• **WHAT TO WORK ON**: Set the data down again, exactly as it reads, but without the pictures.

• **INFORMATION PROVIDED**:
-*-*-

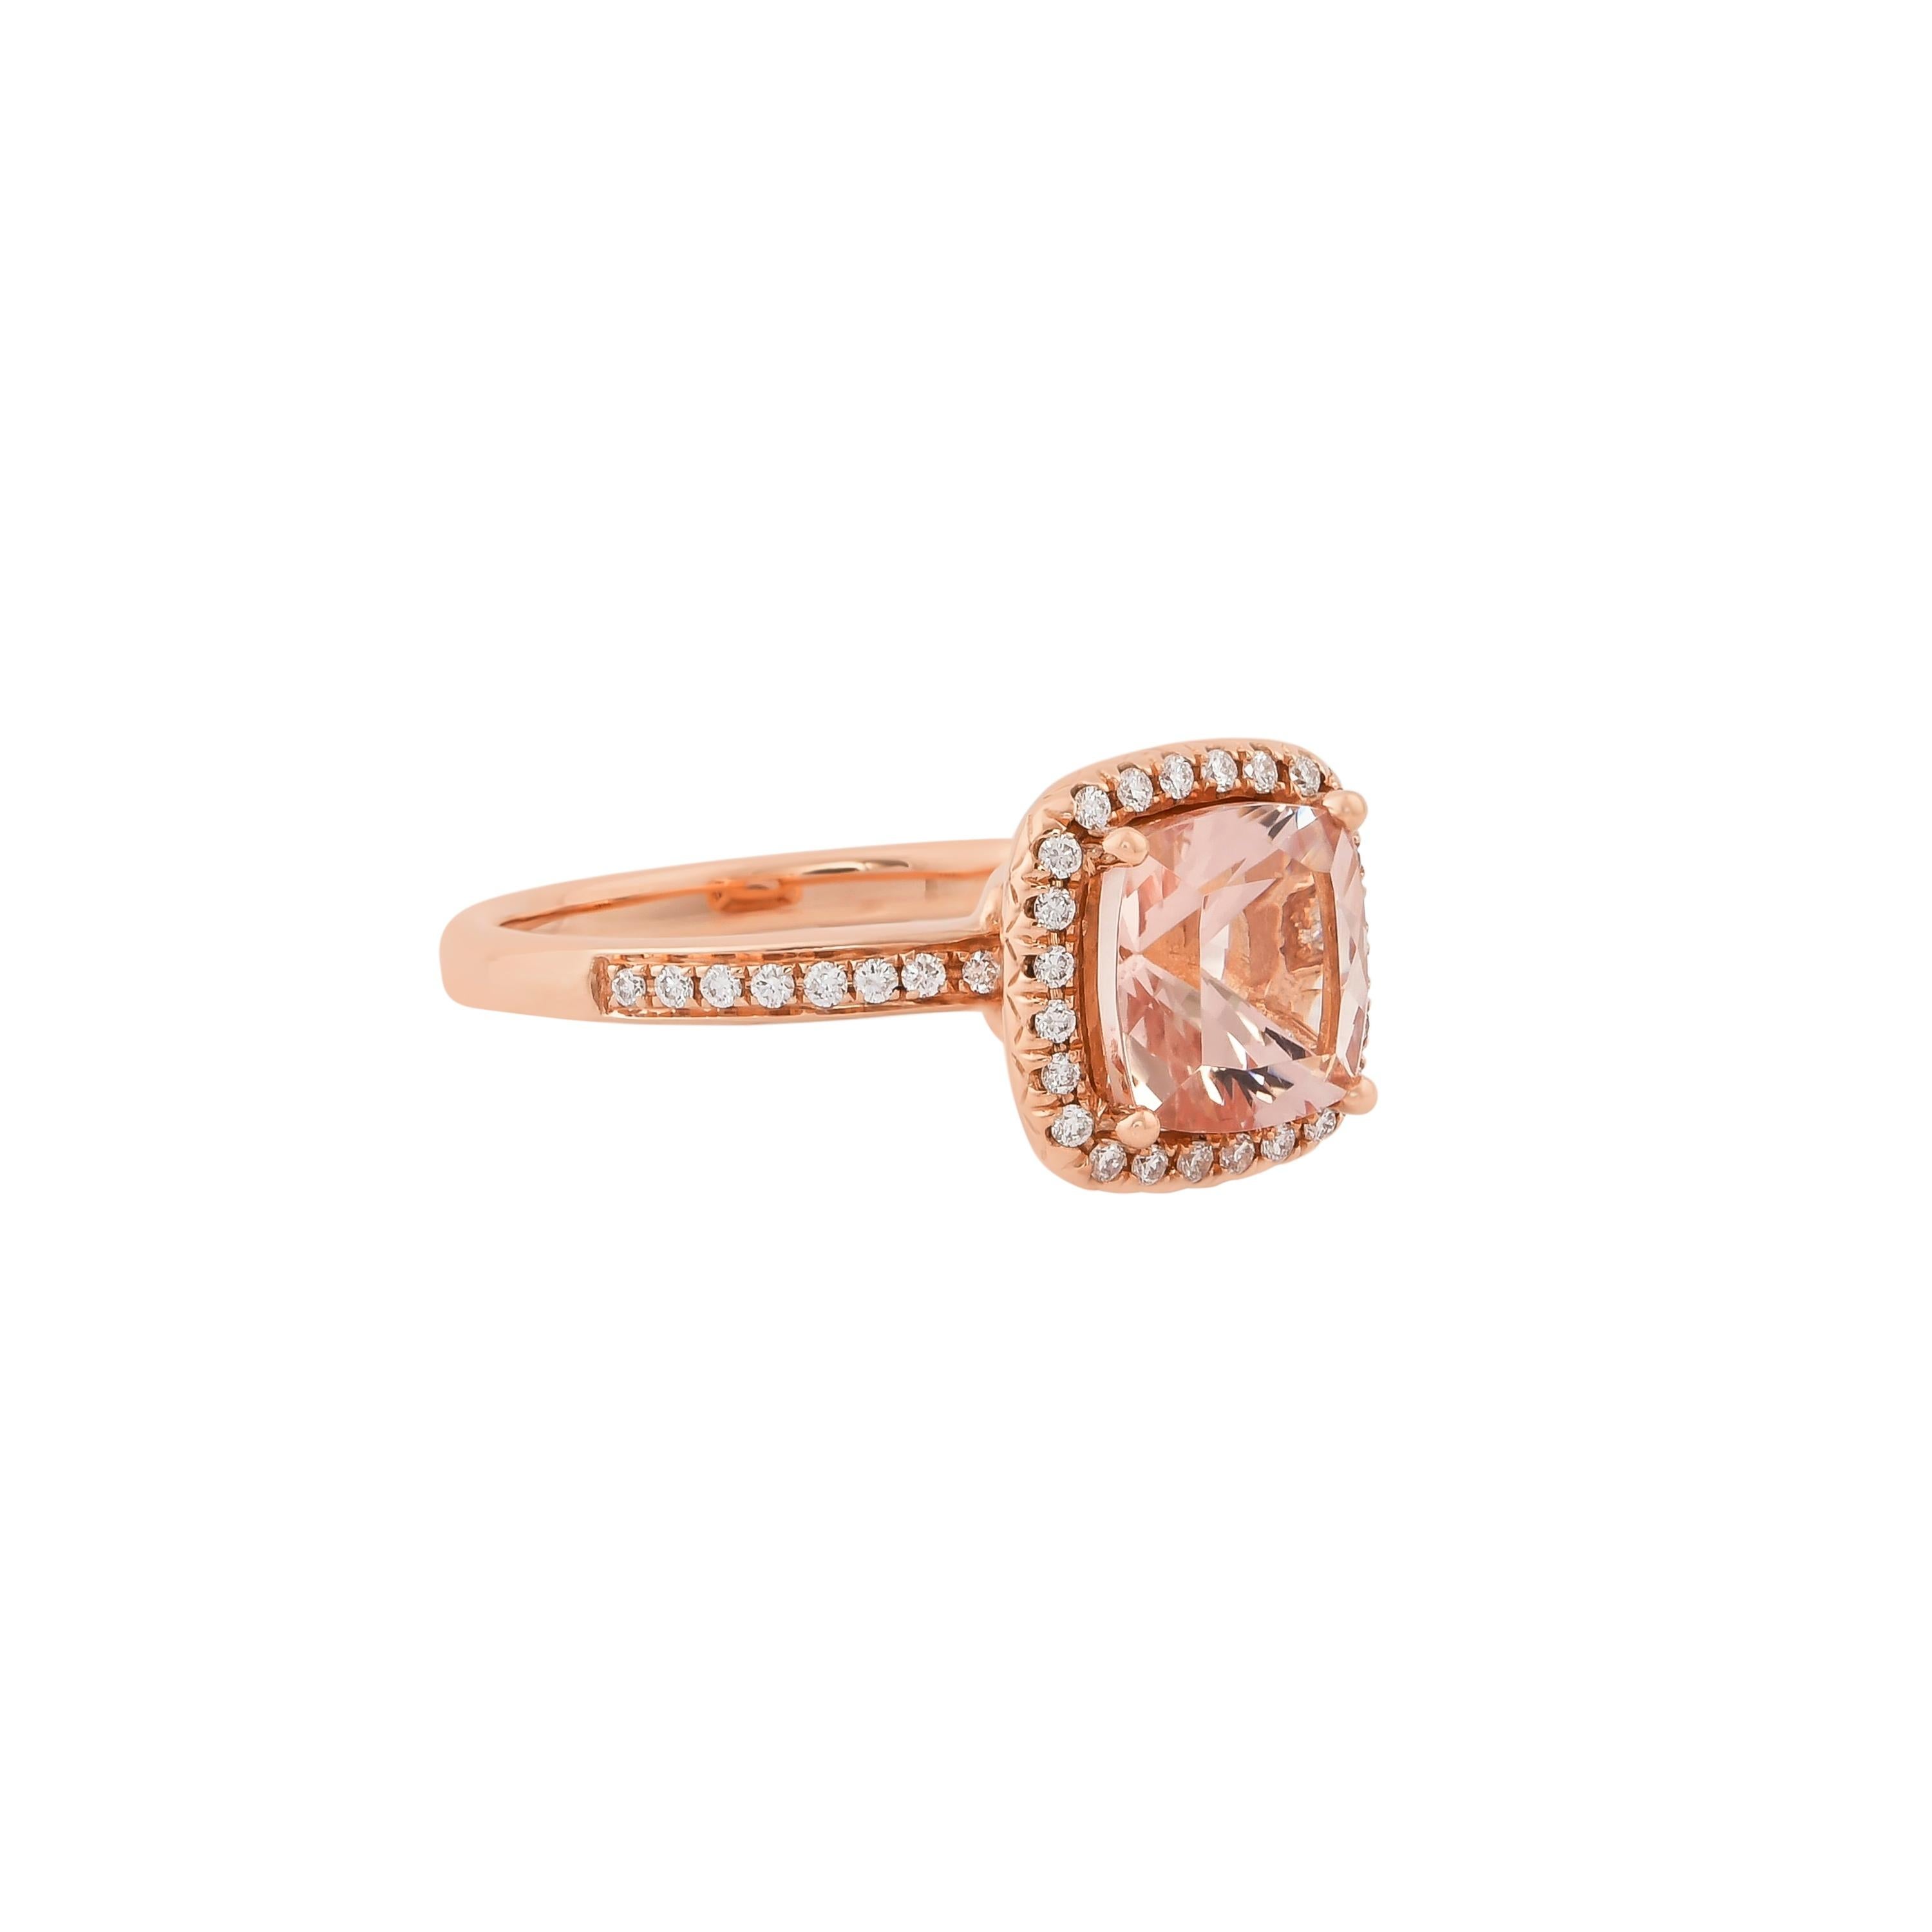 Diese Kollektion bietet eine Reihe von prächtigen Morganiten! Diese mit Diamanten besetzten Ringe sind aus Roségold gefertigt und wirken klassisch und elegant. 

Klassischer Morganit-Ring aus 18 Karat Roségold mit Diamanten. 

Morganit: 2,2 Karat in
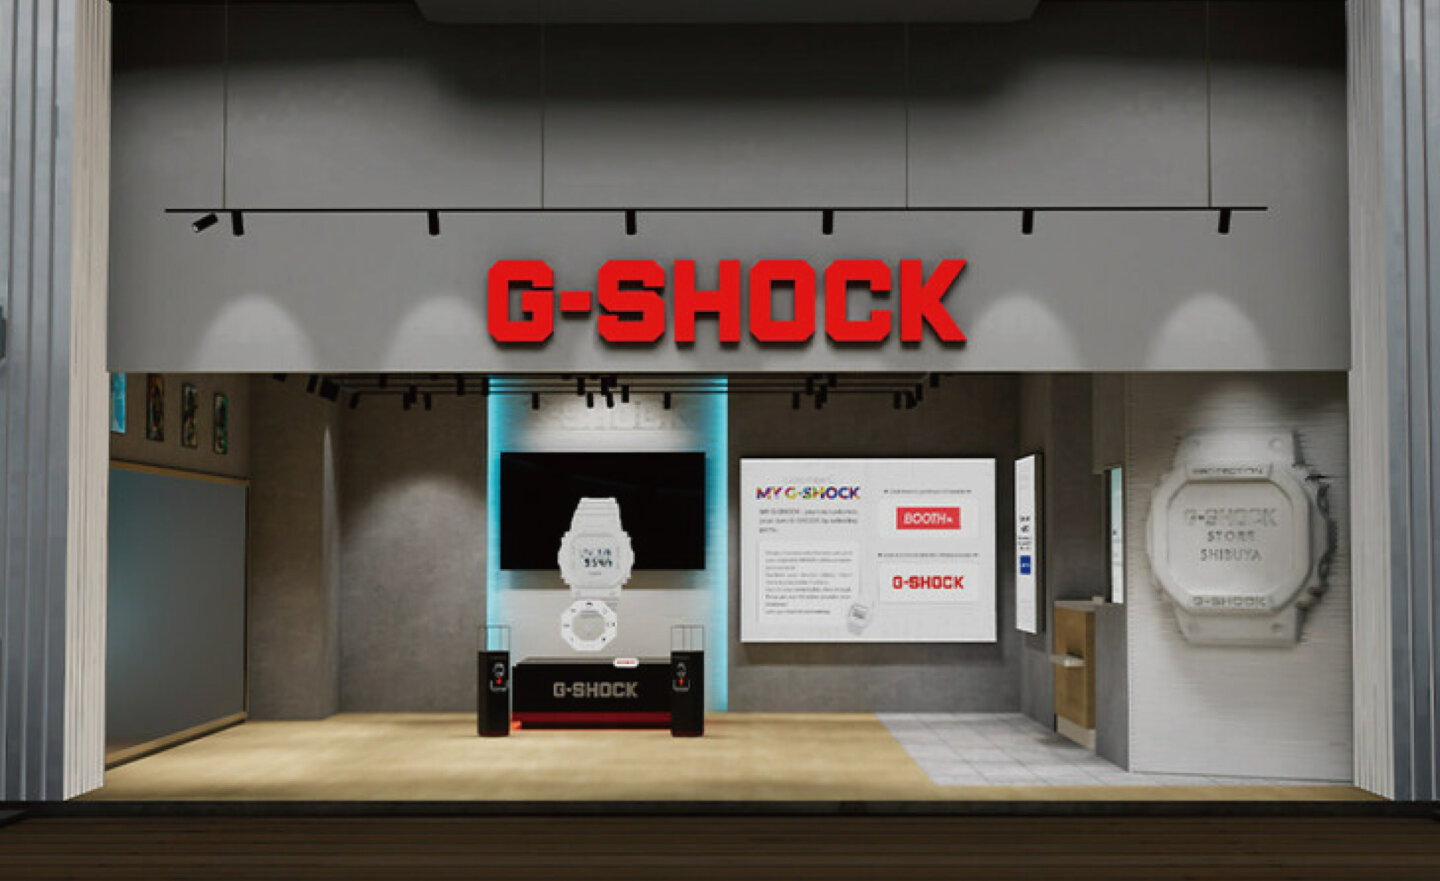 卡西歐元宇宙 G-SHOCK 虛擬商店將於 10/6 開幕

-*-*-

• **TASK RESULT**:
 Diese Kollektion bietet eine Reihe von prächtigen Morganiten! Diese mit Diamanten besetzten Ringe sind aus Roségold gefertigt und wirken klassisch und elegant. 

Klassischer Morganit-Ring aus 18 Karat Roségold mit Diamanten. 

Morganit: 2,2 Karat in
 卡西歐元宇宙 G-SHOCK 虛擬商店將於 10/6 開幕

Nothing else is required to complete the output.